The disease was described for the first time in the early 20th century by the German ophthalmologist Evgen von Hippel and the Swedish pathologist Arvid Lindau.
The cause of this pathology is genetic. The disease is fairly rare, inherited by autosomal dominant signs and transmission of disease is due to the mutation of the gene located on the short arm of chromosomes of the third pair and responsible for the suppression of tumor growth. Manifestations of this pathology with hereditary history usually begin already by the age of 20 years.

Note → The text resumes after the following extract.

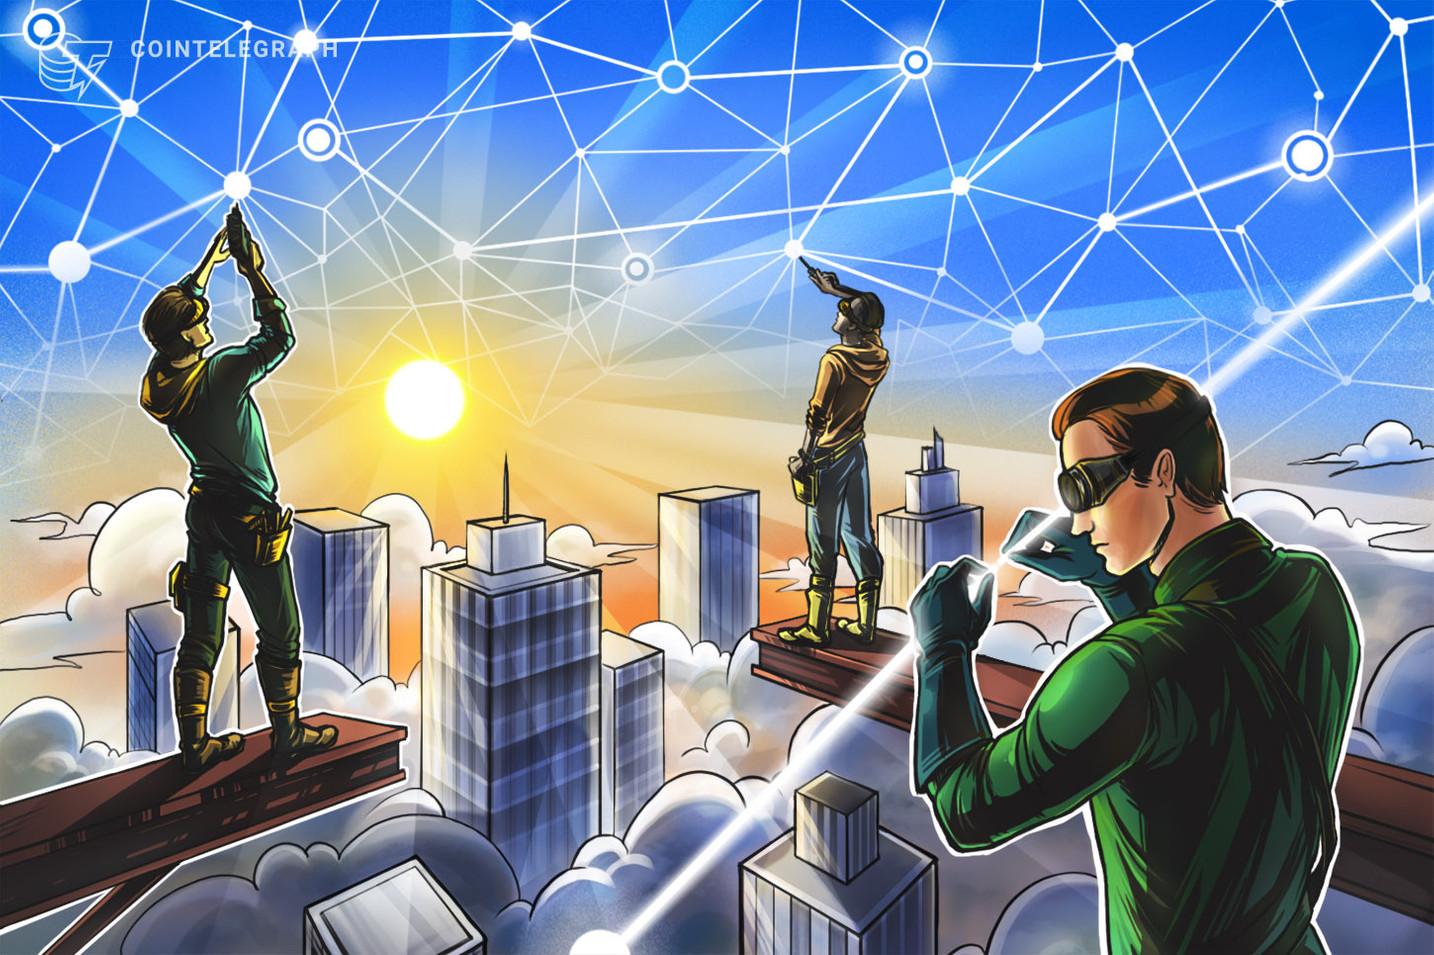 Inside the blockchain developer's mind: Koinos approaches testnet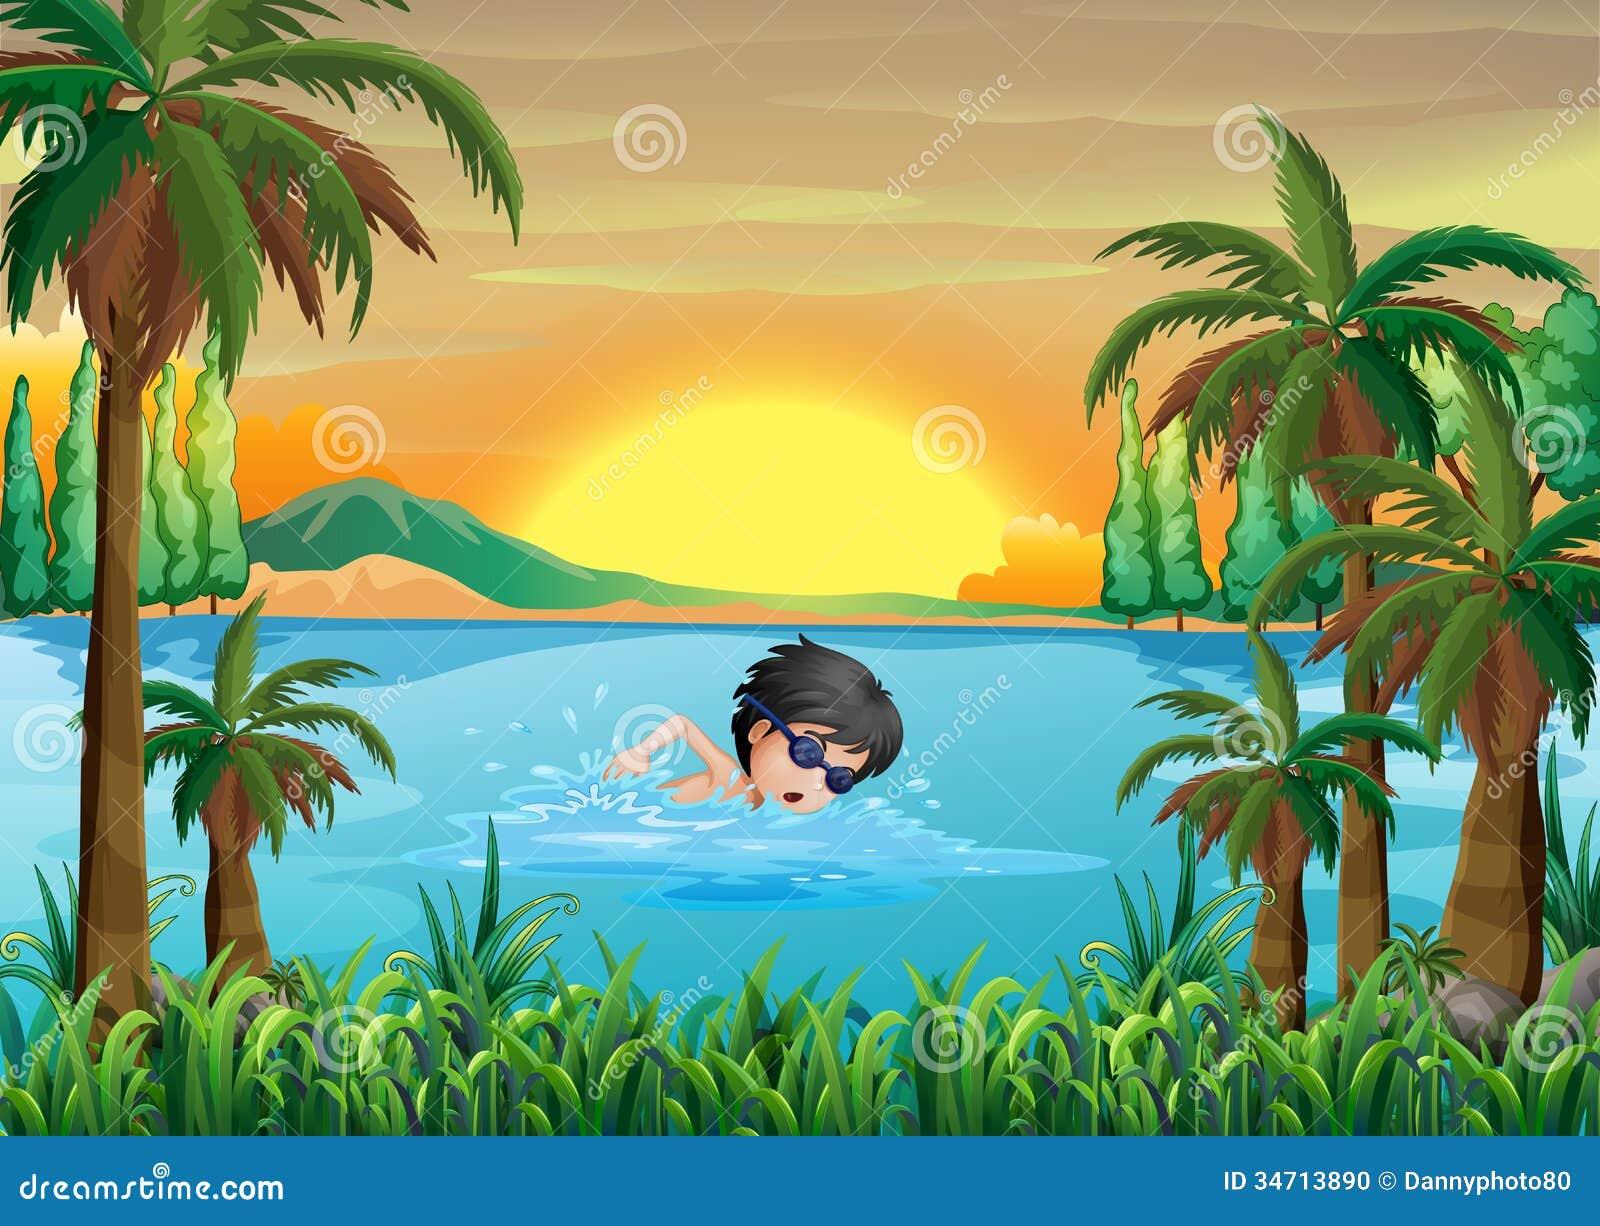 a boy swimming at the lake stock photo image 34713890

The first signs of illness appear, in most cases, in the adolescent period, when numerous abnormalities develop in the vessels and capillaries of the retina, cerebellum and spinal cord. Initially, the eyes are affected, where hemorrhages and multiple hemangiomas occur, which can lead to detachment of the retina. Retinal angiomatosis occurs in 75% of cases of this pathology and is considered its marker.